» What is required
Write out the data exactly as given, dropping every picture.

» Recorded information
=======
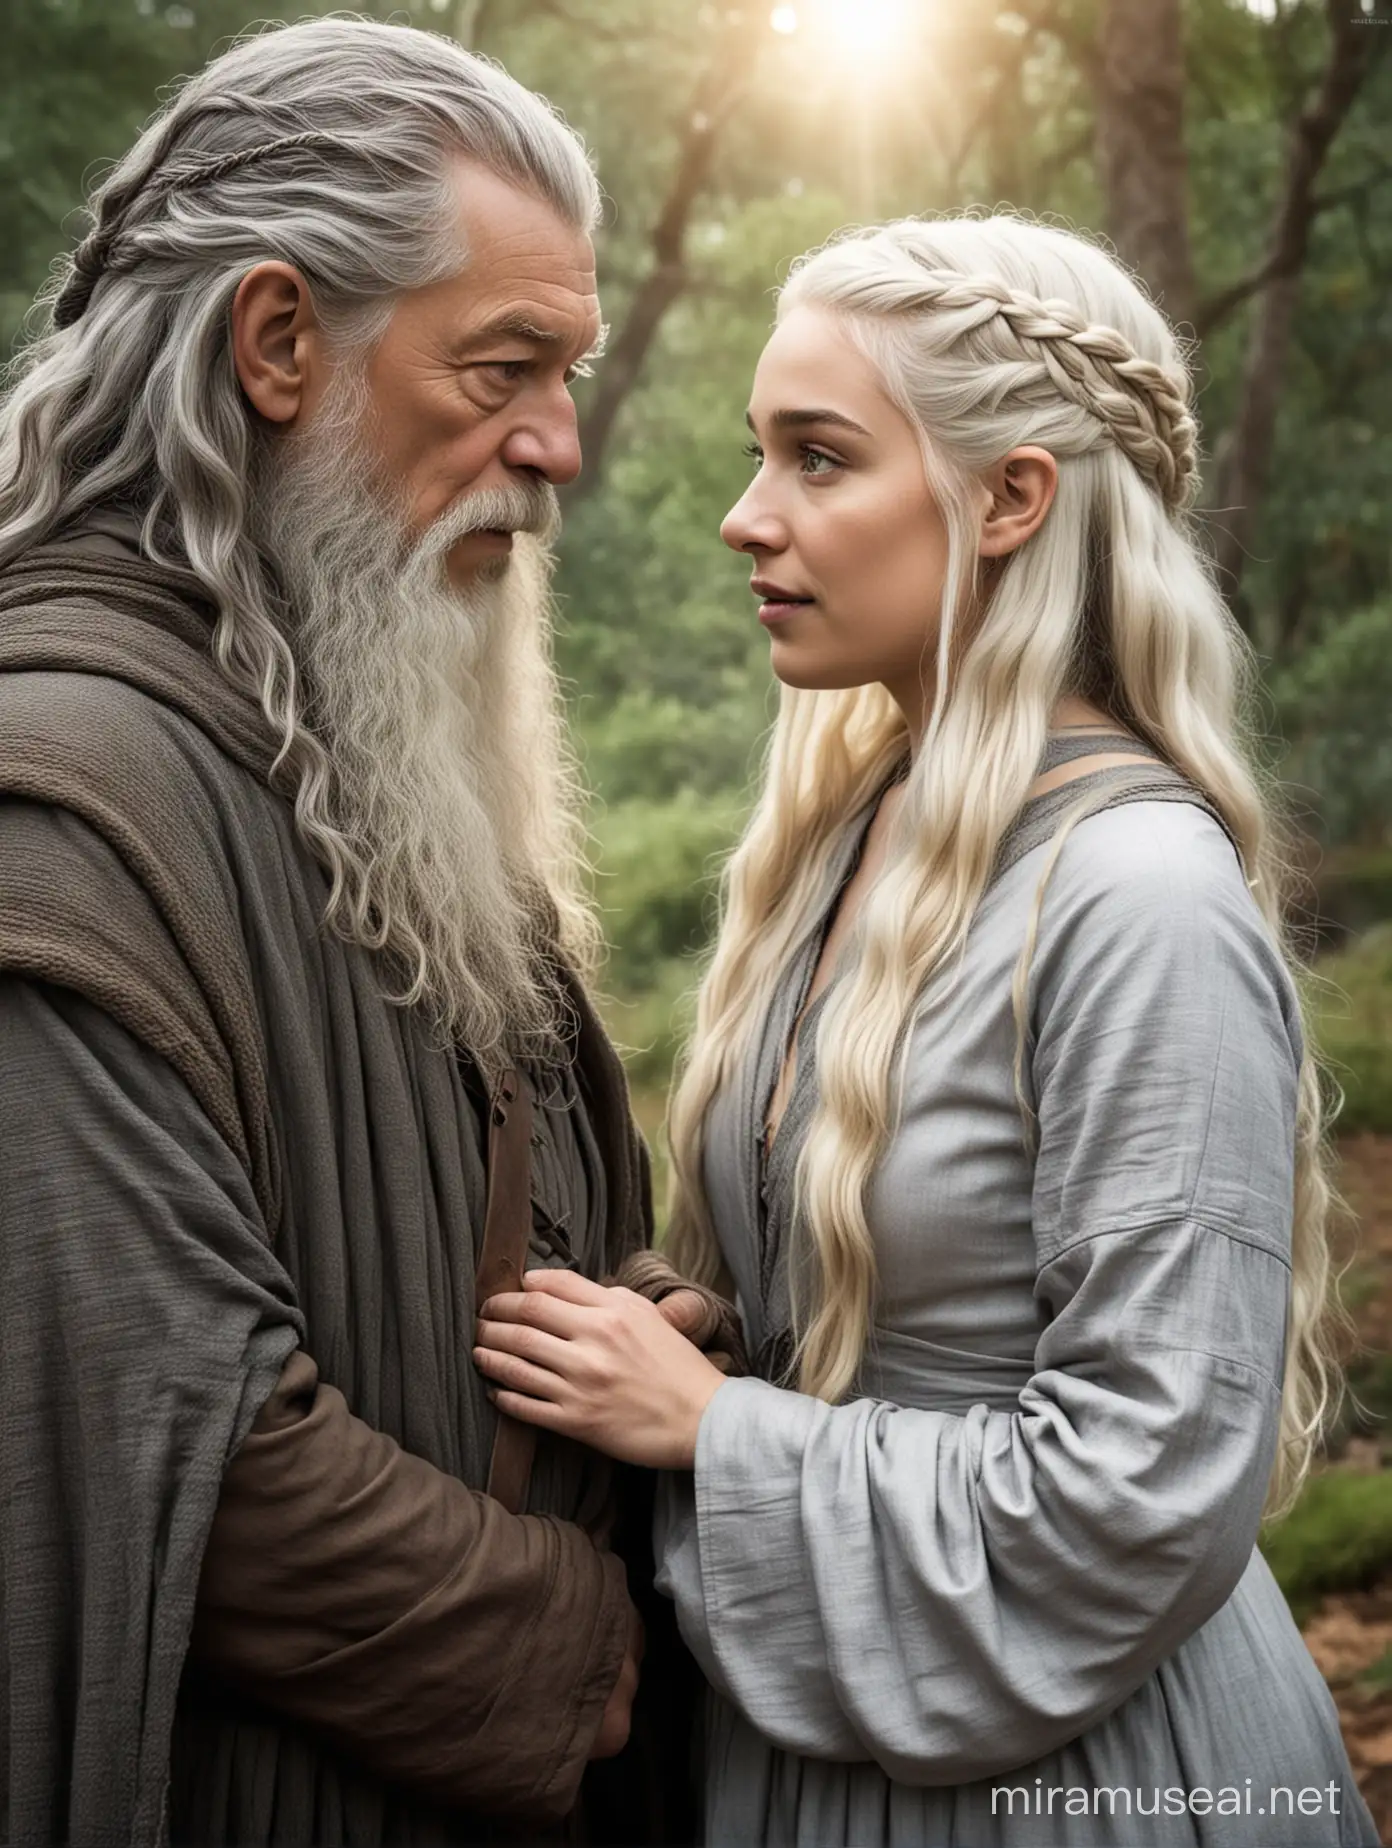 Daenerys Targaryen and Gandalf the Grey Encounter in a Mythical Realm
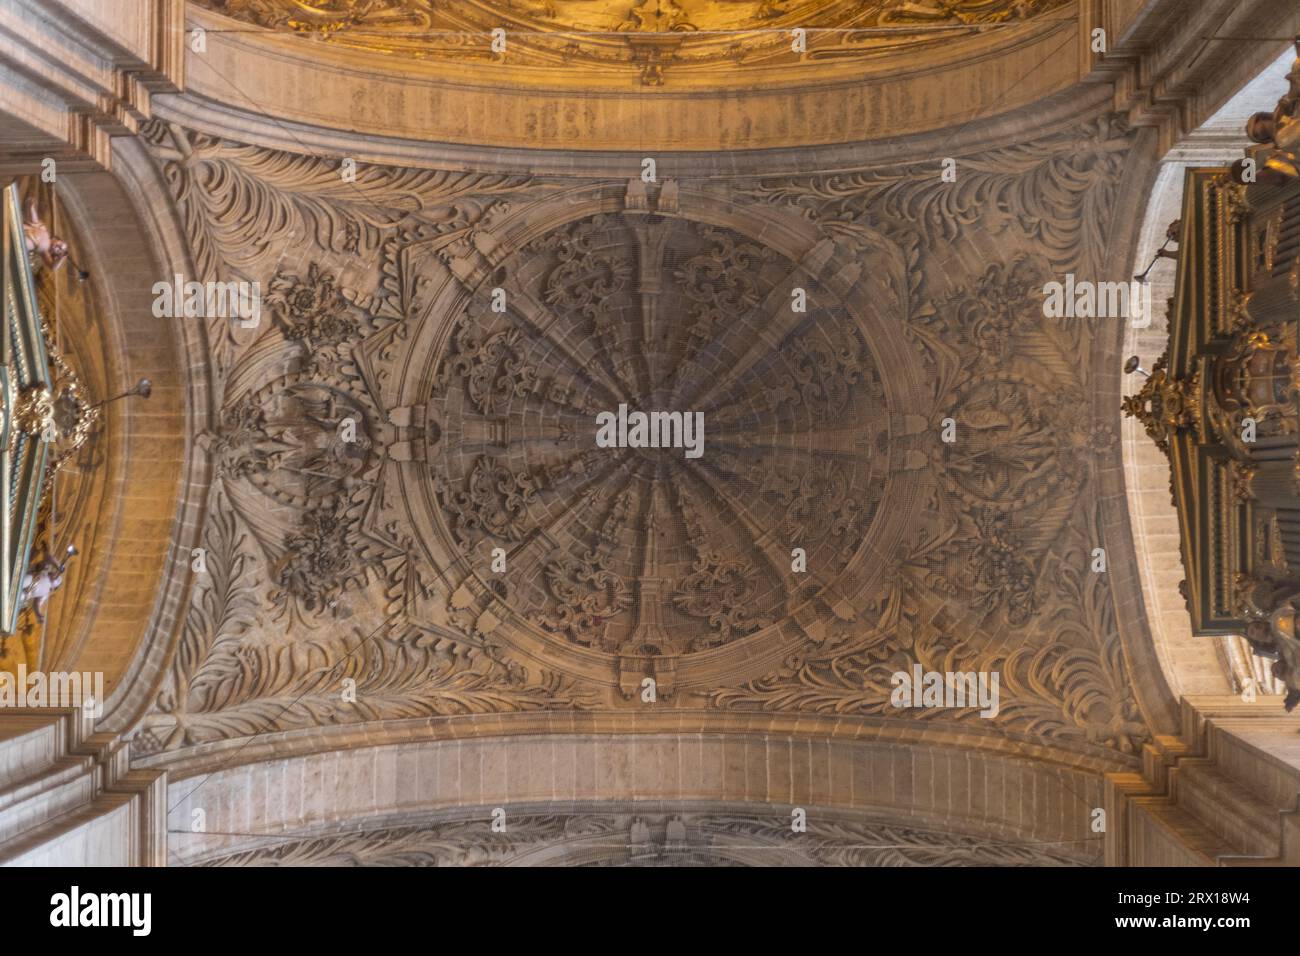 Inside of the Catedral de Malaga.  Interiors, altars and decorations of the Malaga La Manquita Cathedral. Malaga, Spain Stock Photo
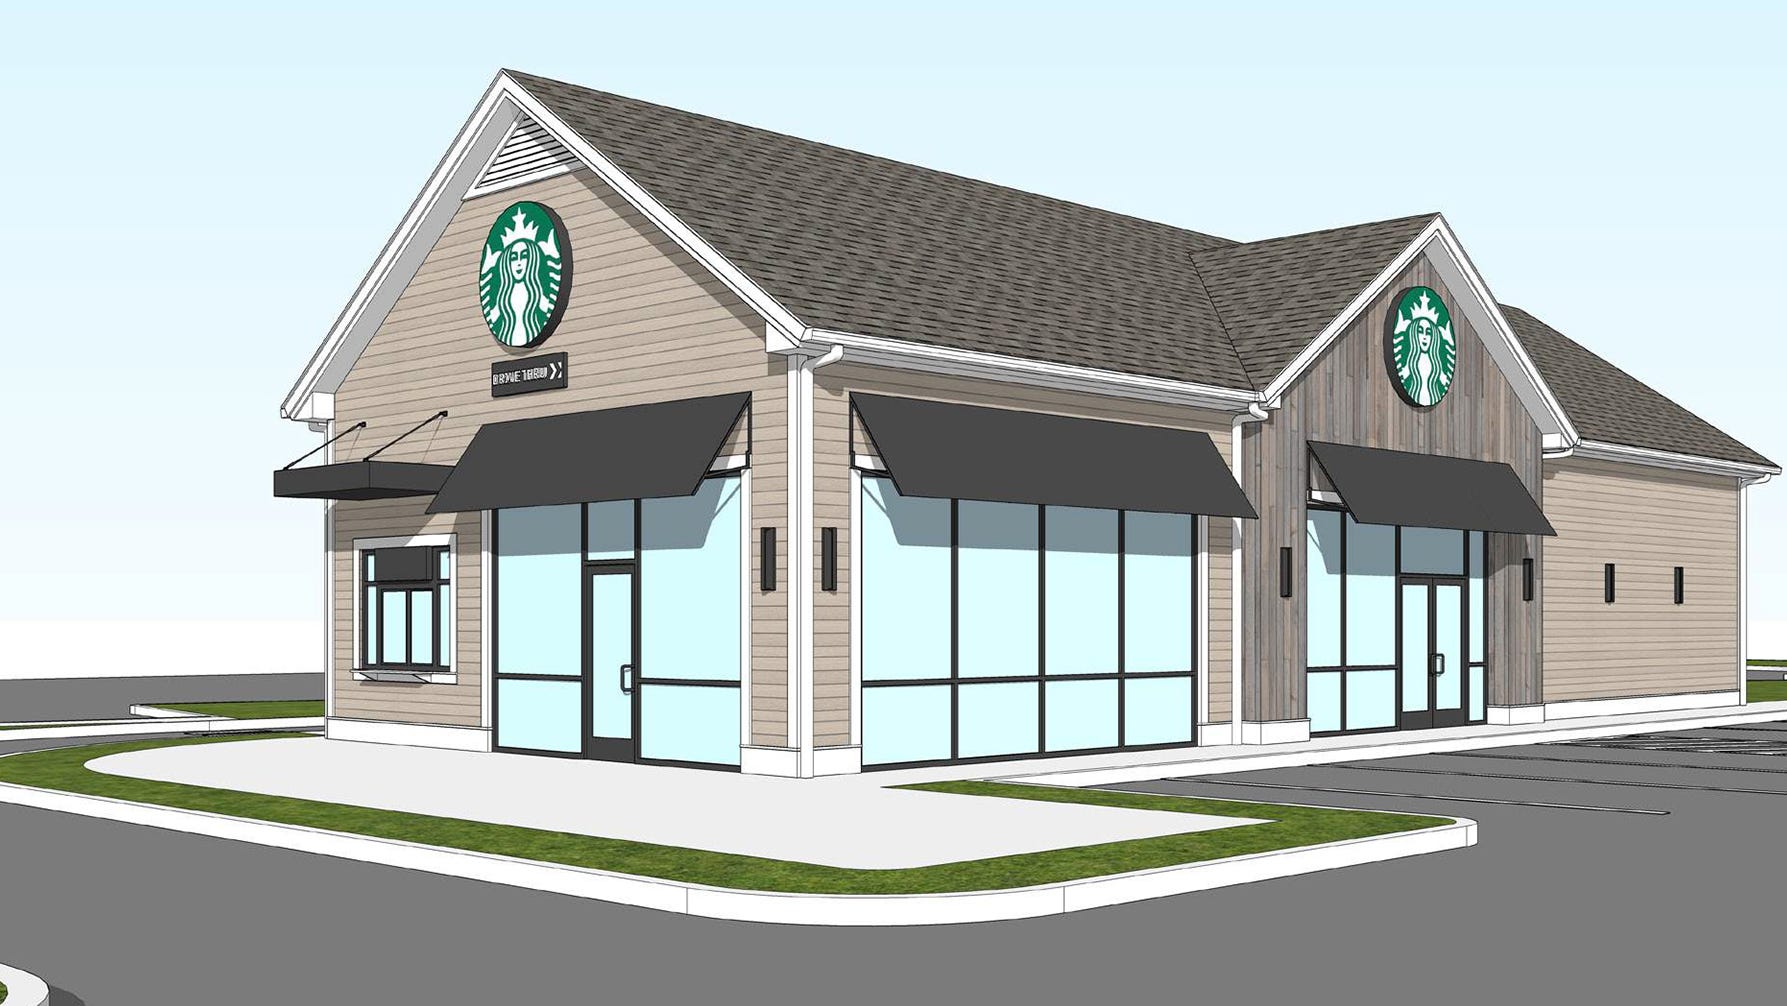 Middletown RI: Benny's, mini-golf, Starbucks get Planning Board votes
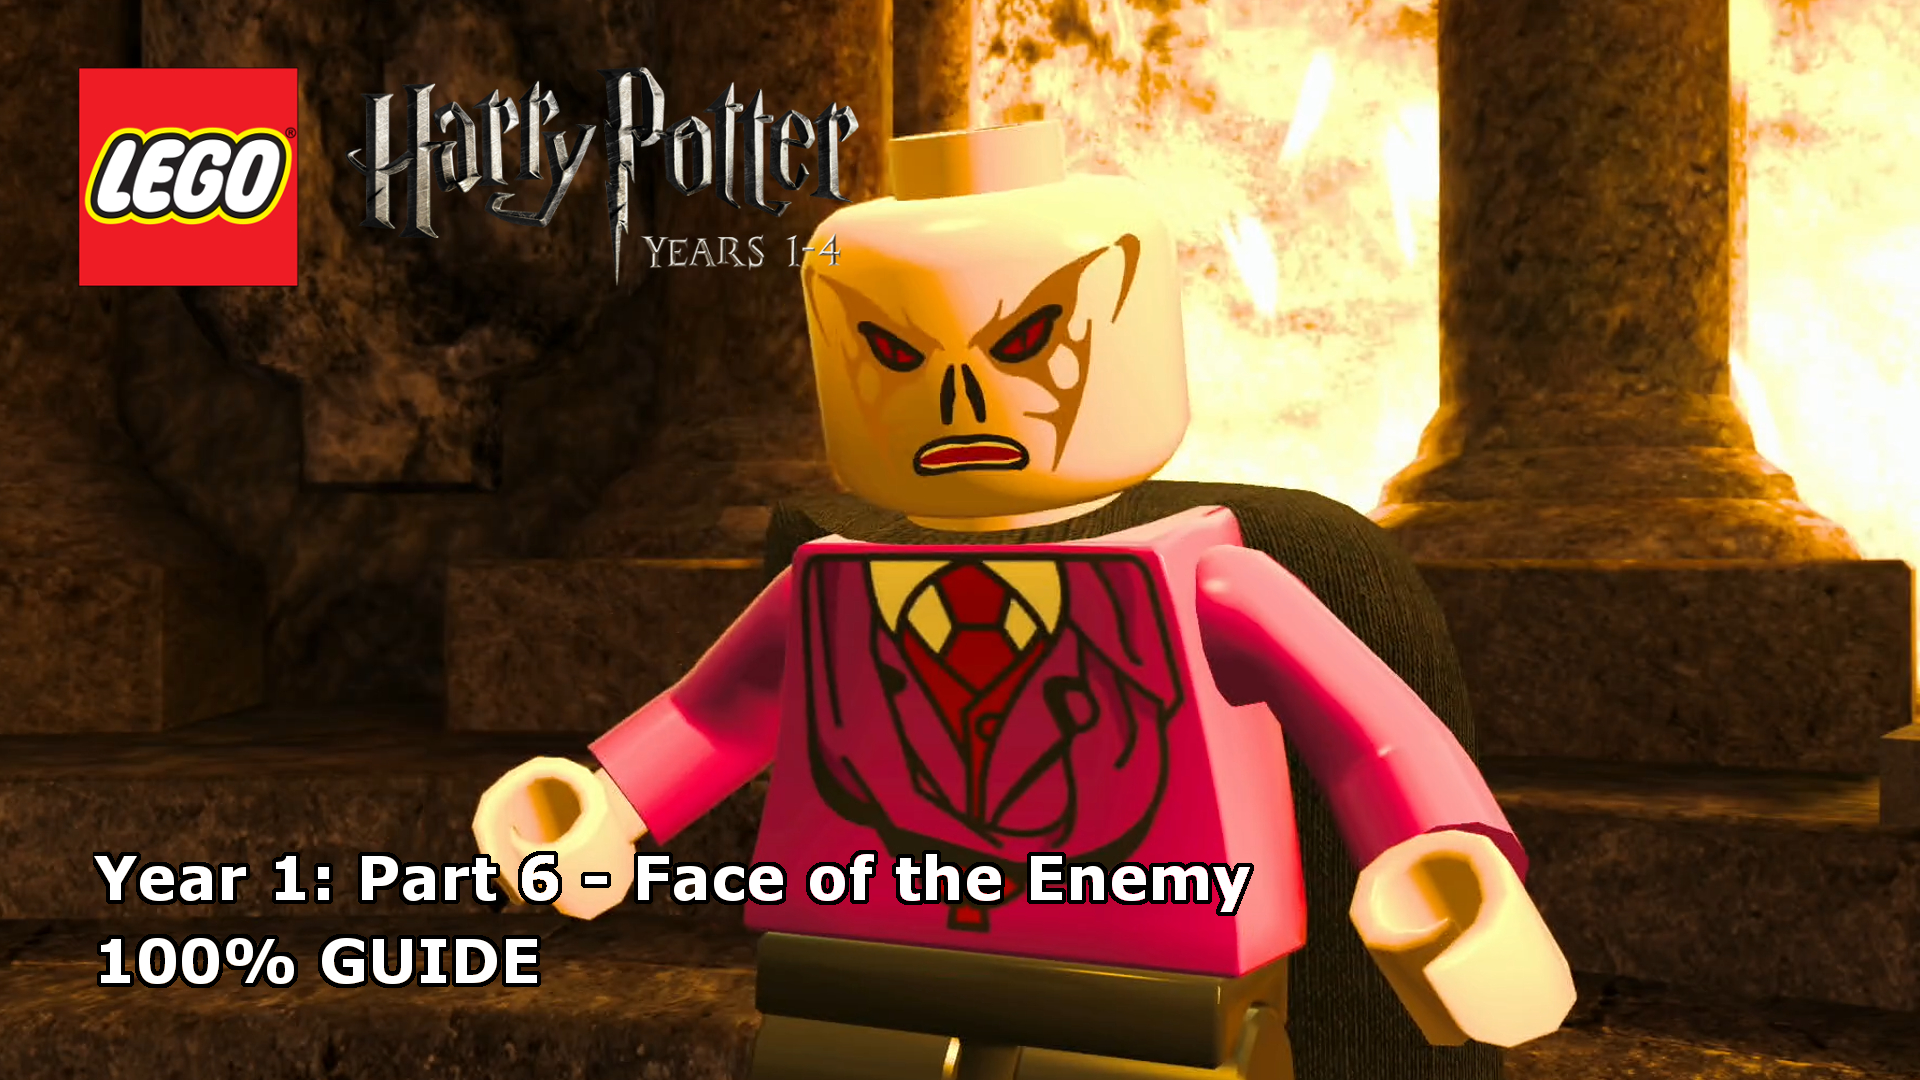 LEGO Harry Potter Years 1-4: Year 3 Part 1 - Walkthrough
=======
» Answer for this exercise
 Daenerys Targaryen and Gandalf the Grey Encounter in a Mythical Realm
 Inside of the Catedral de Malaga.  Interiors, altars and decorations of the Malaga La Manquita Cathedral. Malaga, Spain Stock Photo
 Middletown RI: Benny's, mini-golf, Starbucks get Planning Board votes
 LEGO Harry Potter Years 1-4: Year 3 Part 1 - Walkthrough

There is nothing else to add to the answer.